Frequently asked questions
Should I allow or block AI bots?
This depends on your goals. If you want to be cited in AI answers (AEO), allow at minimum GPTBot, PerplexityBot, and ClaudeBot. If you want to protect your content from AI training without citation, block Google-Extended, CCBot, and Bytespider. Most businesses choose a middle ground: allow search-related bots, block training-only bots.
Do AI bots actually respect robots.txt?
Major AI companies (OpenAI, Anthropic, Google, Perplexity) respect robots.txt. This is in their own interest: websites blocking AI bots because they ignore robots.txt would harm the ecosystem. Smaller or lesser-known bots are less reliable. Robots.txt is a convention, not legal protection.

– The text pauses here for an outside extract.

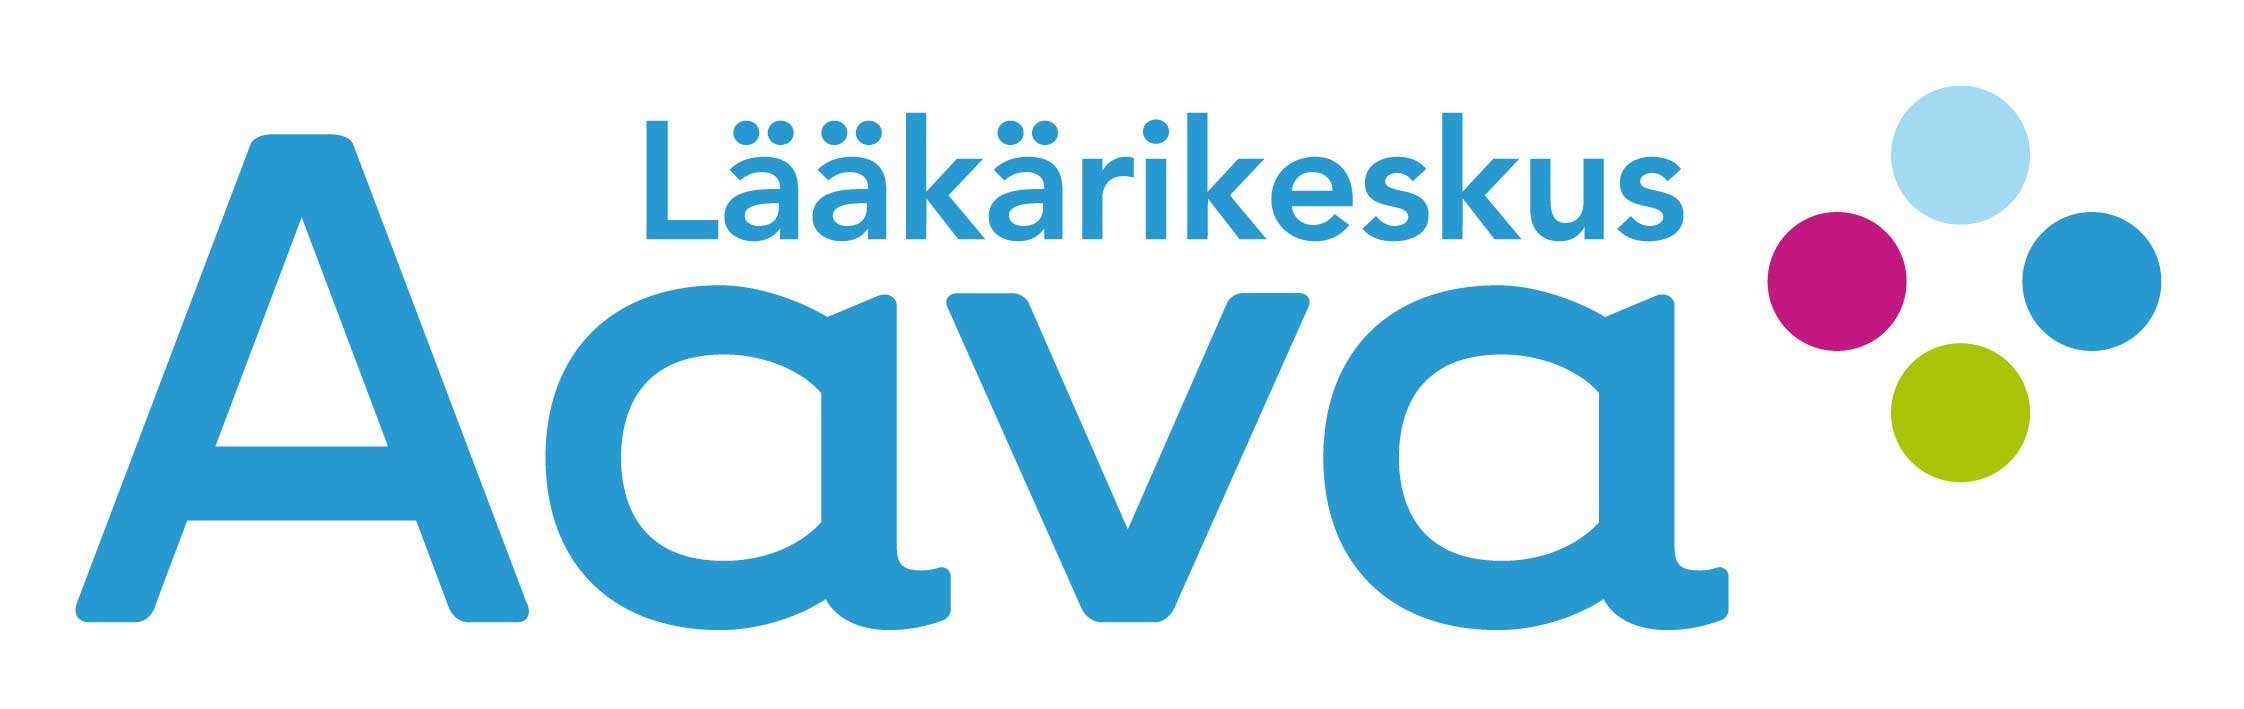 Aava_logo

Can I block AI bots with HTTP headers instead of robots.txt?
Yes. You can use the X-Robots-Tag HTTP header with directives like "noai" or "noimageai" for specific pages. This provides more granular control than robots.txt, which only works at the path level. The meta tag <meta name="robots" content="noai"> works similarly at the page level.
What if I have no AI bot rules in my robots.txt?
If you have no specific rules for AI bots, they follow the default User-agent: * rules. If you have no restrictions there either, all bots (including AI bots) may crawl your entire site. It's wise to make a deliberate choice and document it in your robots.txt.
Do AI bot user agents change regularly?
Major AI companies document their user agents and announce changes in advance. However, new bots are regularly added as more companies launch AI products. It's advisable to review your robots.txt at least quarterly and add new AI bots to your policy.